> **DATA EXCERPT**:
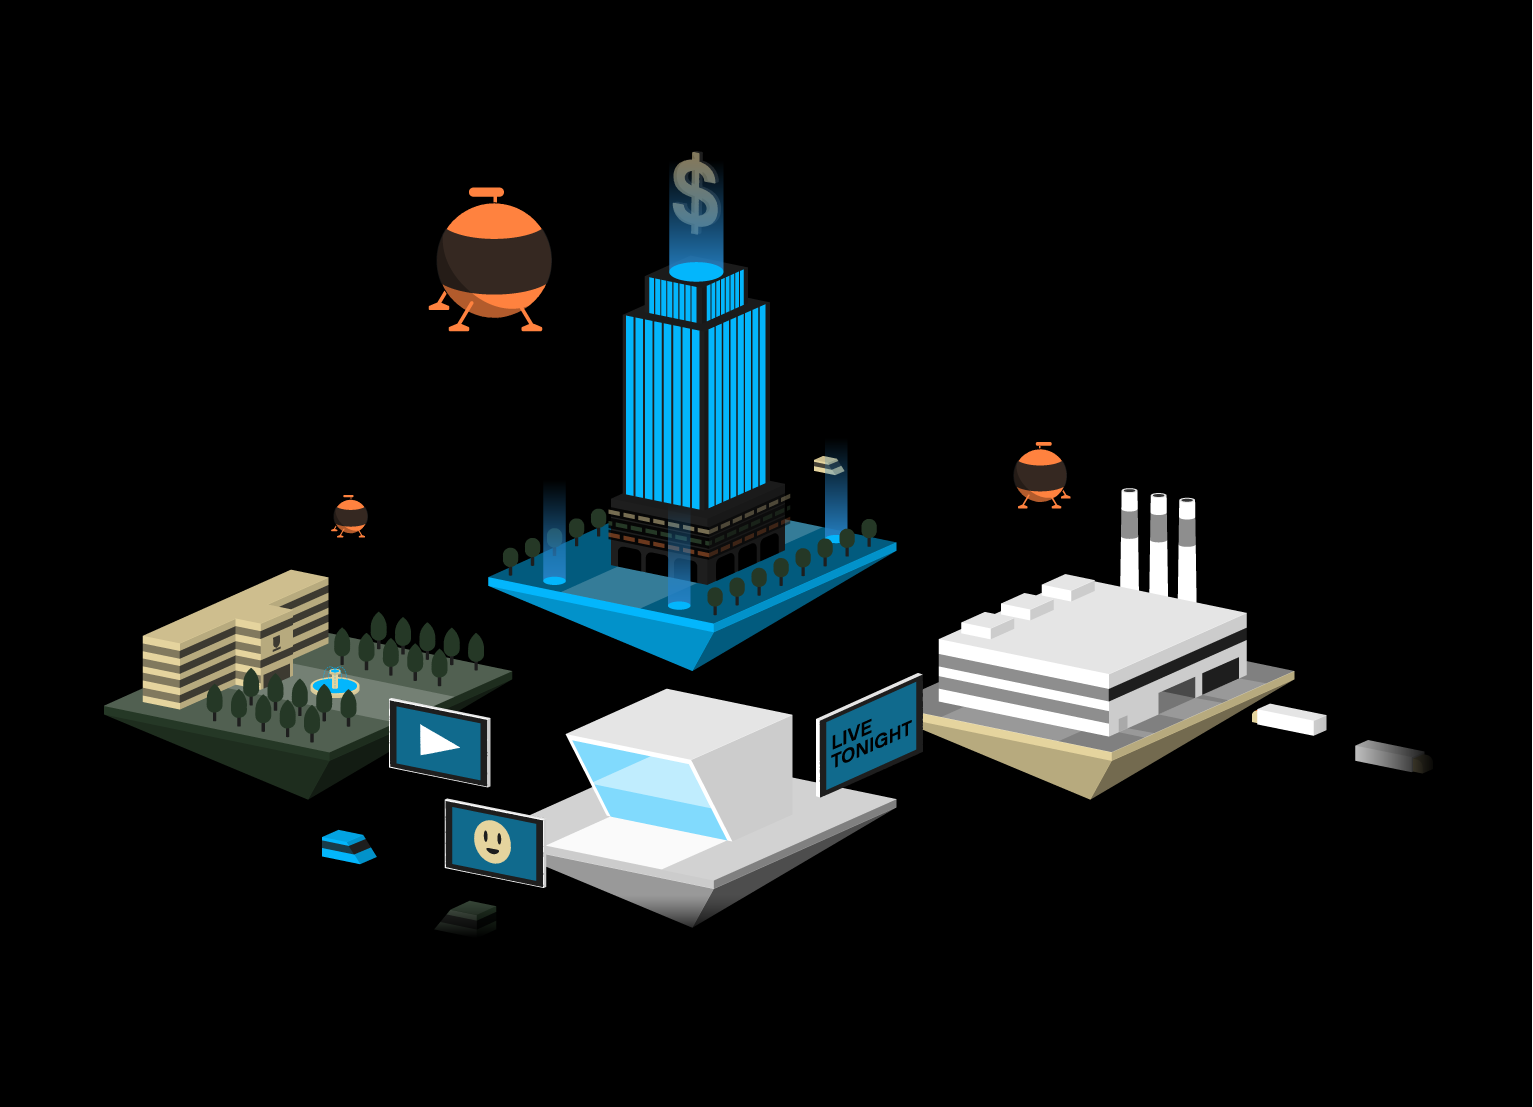 Asial - Custom Illustrations - Industry Overview page: Asial can help industries such as finance, manufacturing, education or media visualized as a futuristic city.
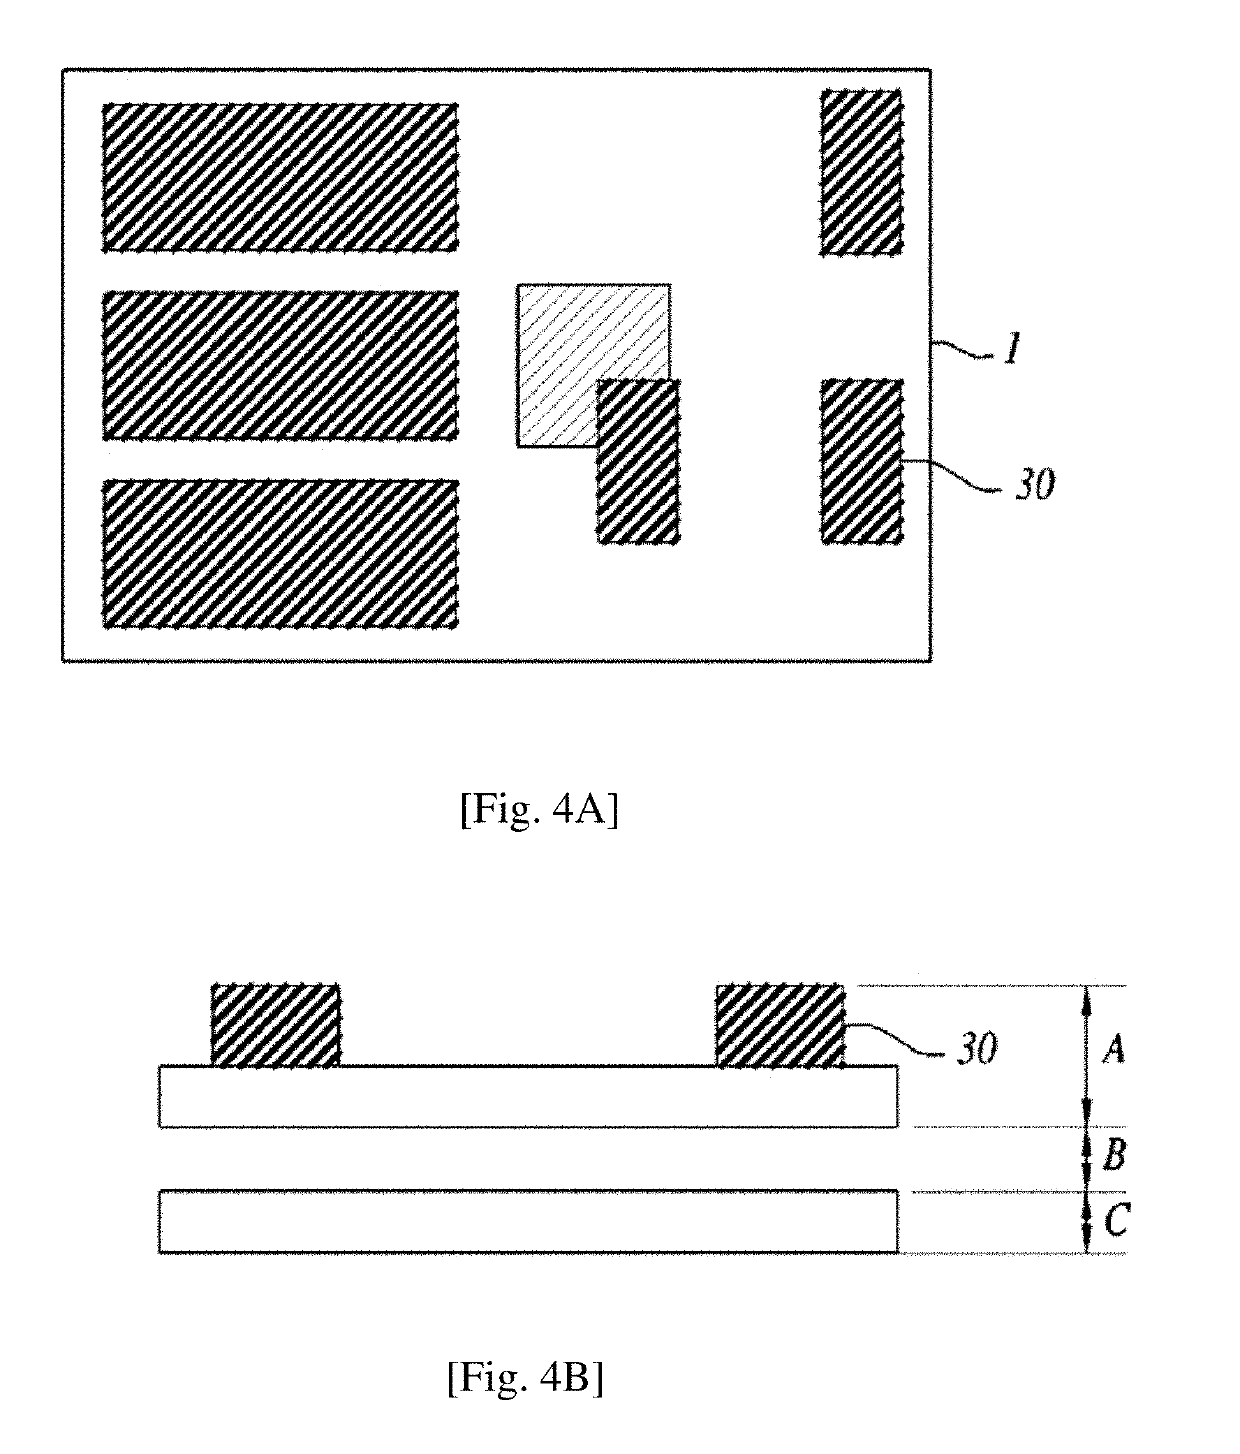 Method for inspecting ball grid array-type semiconductor chip package
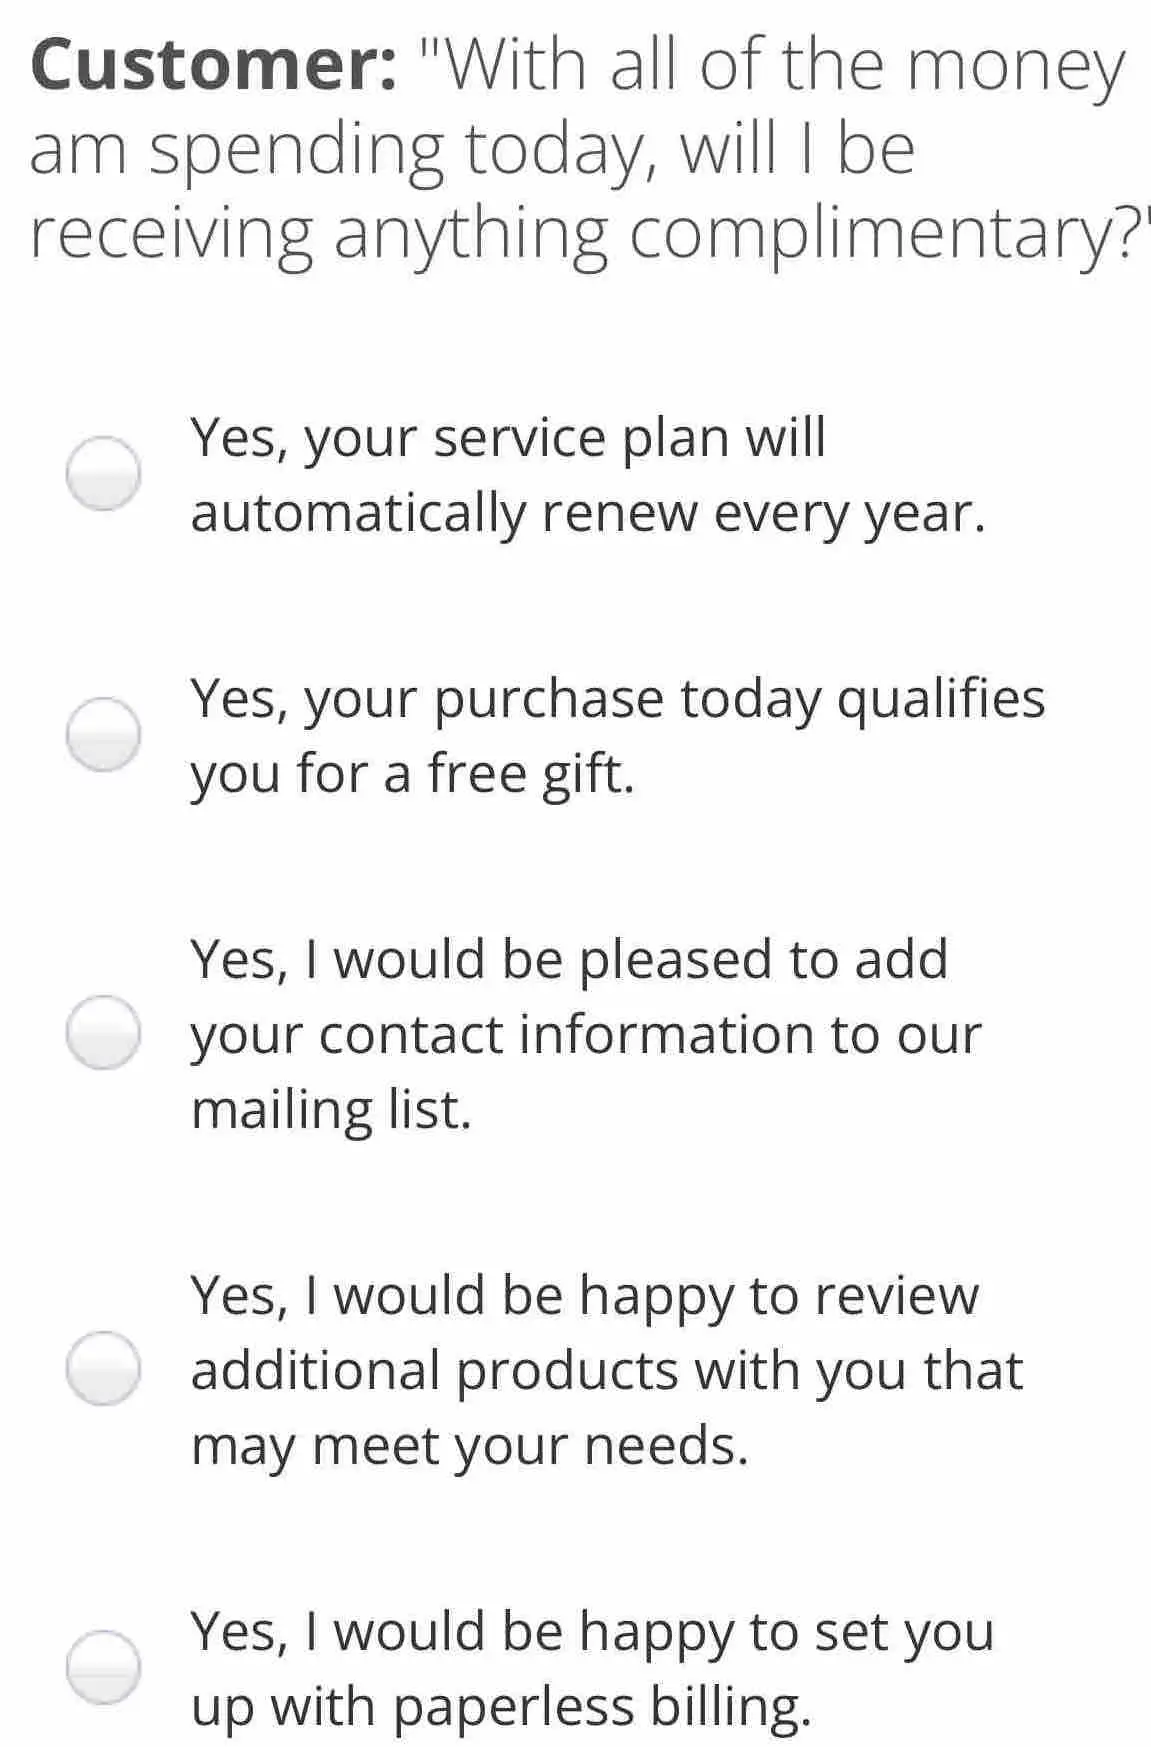 Customer: "With all of the money am spending today, will I be receiving anything complimentary? Yes, your service plan will automatically renew every year. Yes, your purchase today qualifies you for a free gift. Yes, I would be pleased to add your contact information to our mailing list. Yes, I would be happy to review additional products with you that may meet your needs. Yes, I would be happy to set you up with paperless billing.

> **AIM OF THE TASK**: Only the text of the listing above is copied, exactly as written; its pictures are dropped.

> **ANSWER TO THIS TASK**:
 Asial - Custom Illustrations - Industry Overview page: Asial can help industries such as finance, manufacturing, education or media visualized as a futuristic city.
 Method for inspecting ball grid array-type semiconductor chip package
 Customer: "With all of the money am spending today, will I be receiving anything complimentary? Yes, your service plan will automatically renew every year. Yes, your purchase today qualifies you for a free gift. Yes, I would be pleased to add your contact information to our mailing list. Yes, I would be happy to review additional products with you that may meet your needs. Yes, I would be happy to set you up with paperless billing.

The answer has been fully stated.